Structuring of surfaces using atomic force microscopy (AFM) is an elegant way for the generation of one- and two-dimensional nanostructures. One way to realize this is the local electrochemical oxidation of the substrate under ambient conditions. Here a negative voltage is applied to the tip with respect to the sample and the water in the miscues formed between tip and substrate due to the surrounding humidity is partly electrolysed. The formed oxyanions are migrating to the surface where an oxidation of the substrate material takes place. This method allows the creation of structures down to 10 nm in width.

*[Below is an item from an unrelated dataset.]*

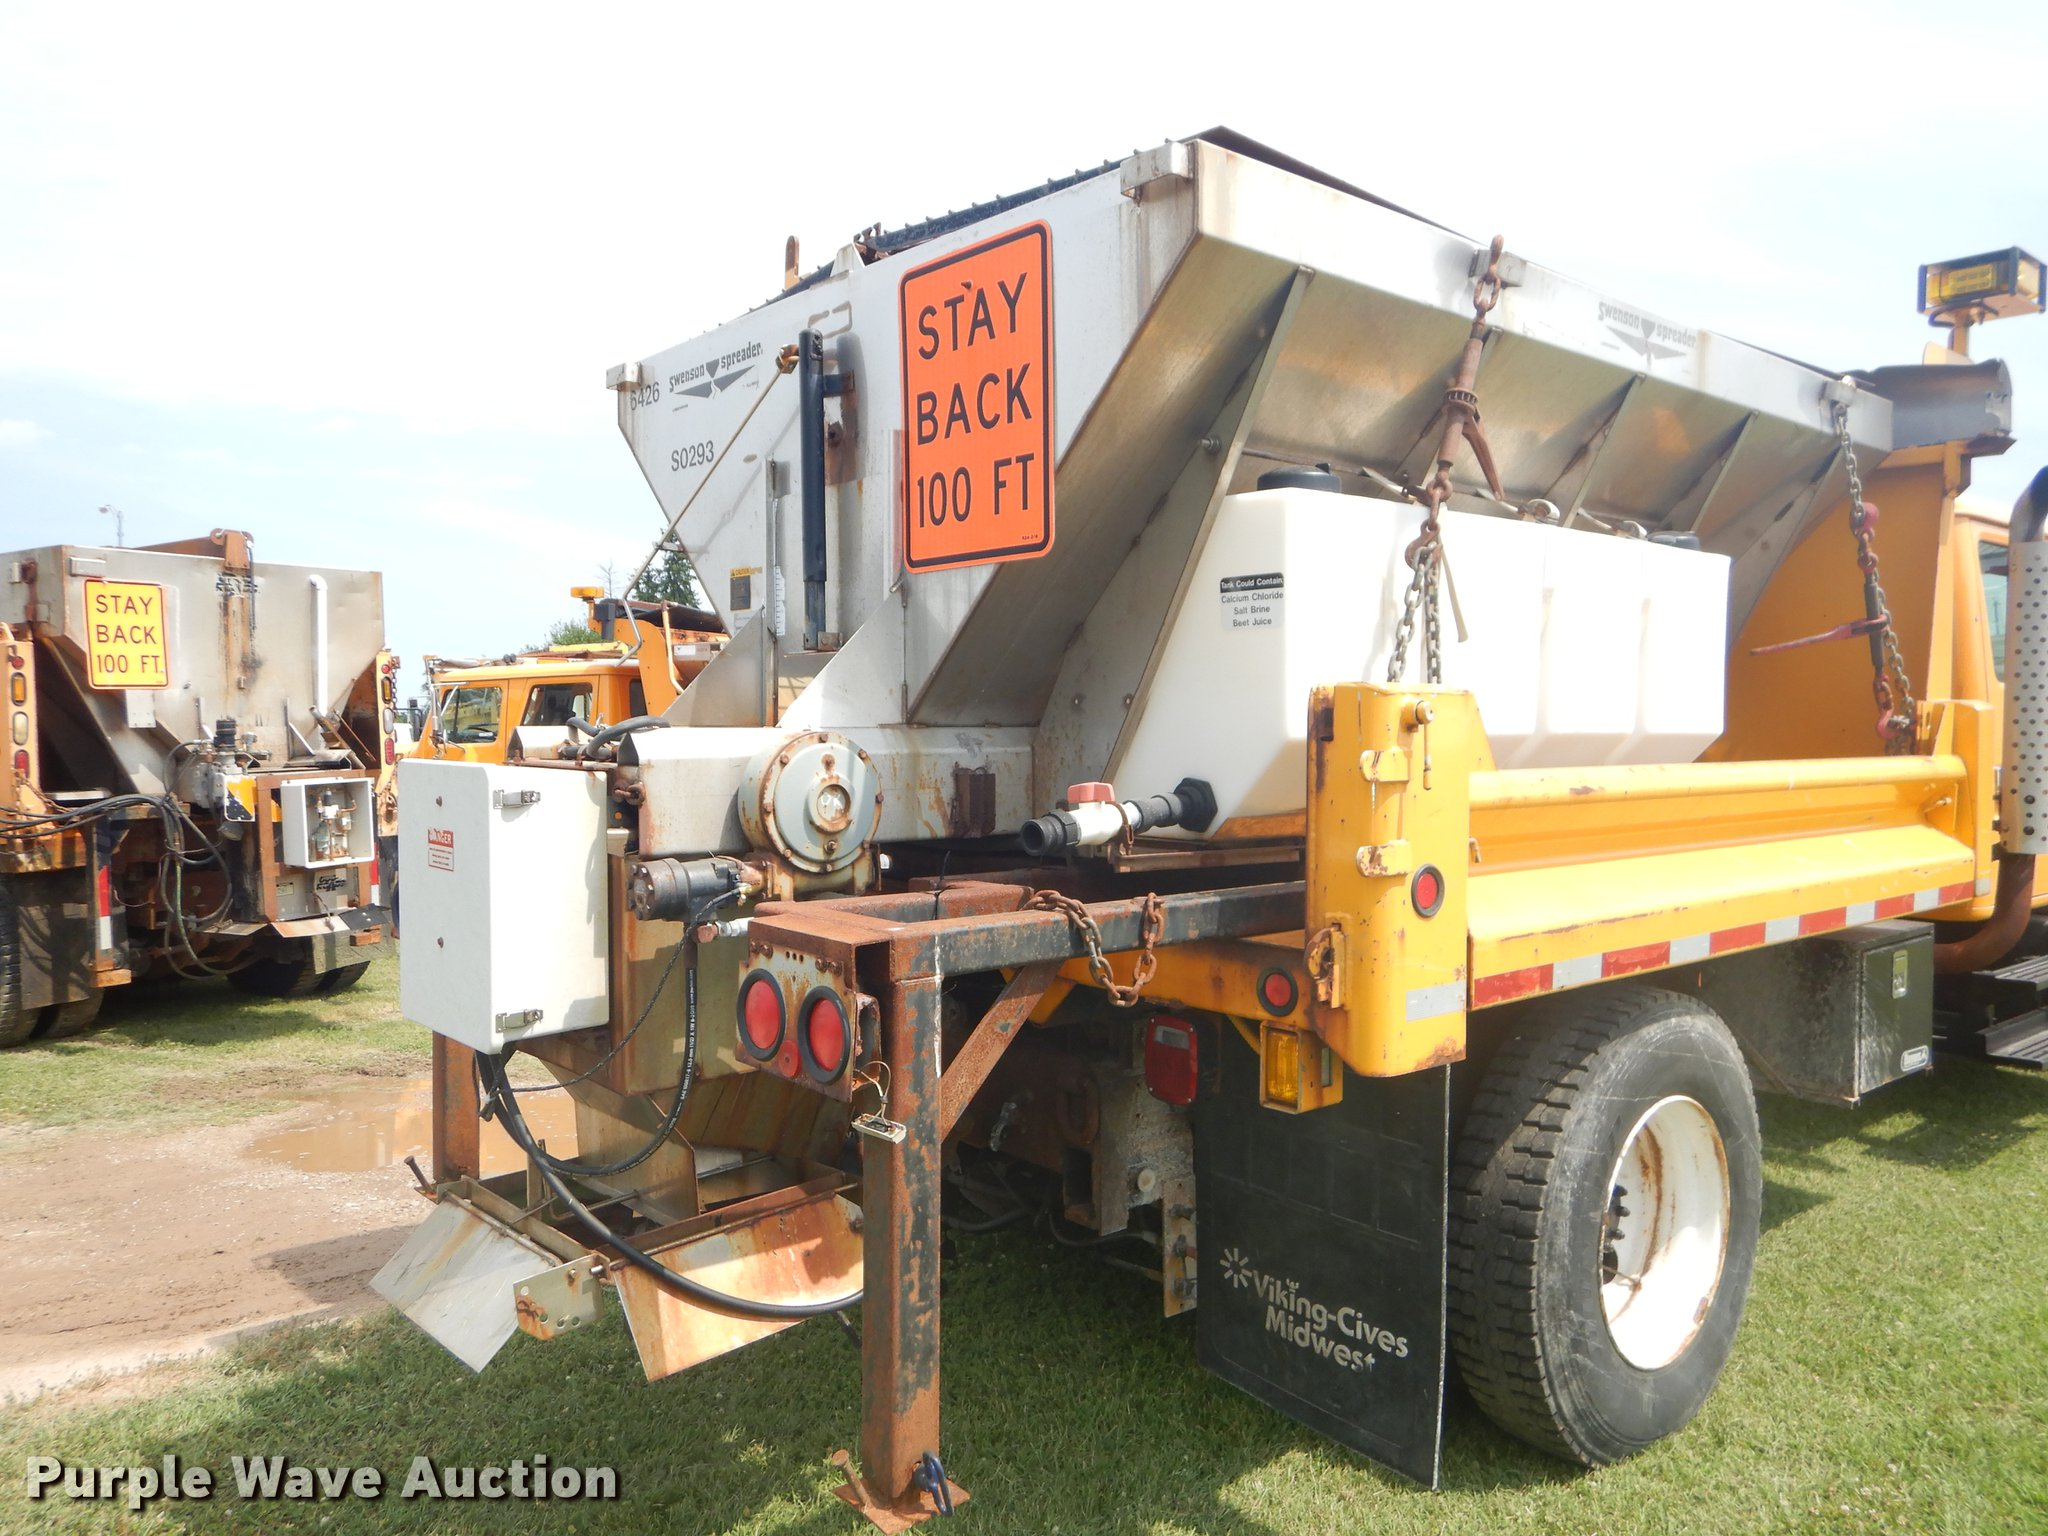 2001 International 4900 Crew Cab Dump Truck Item Ek9525 Viking Cives Snow Plow Wiring Diagram Full Size In New Window

A very suitable system for this method is the highly crystalline silicon. The properties of such surfaces can be easily tuned by self-assembled monolayers. These monolayers consist of pure as well as terminal functionalized alkyl chains and are covalently bound to the silicon substrate by silicon – carbon junctions. The monolayer influences the oxidation process e.g. due to its different surface energies.

For selective attachment of functional molecules or materials as nanoaggregates various interactions can be used. A covalent interaction of dye molecules for example can be realised by functionalization of the formed oxide by silane monolayers with coupling groups like an amino group, which is then used to bind dye molecules via peptide linking. Also non-covalent binding mechanisms like hydrophobic or electrostatic interactions allow the formation of functional nanostructures.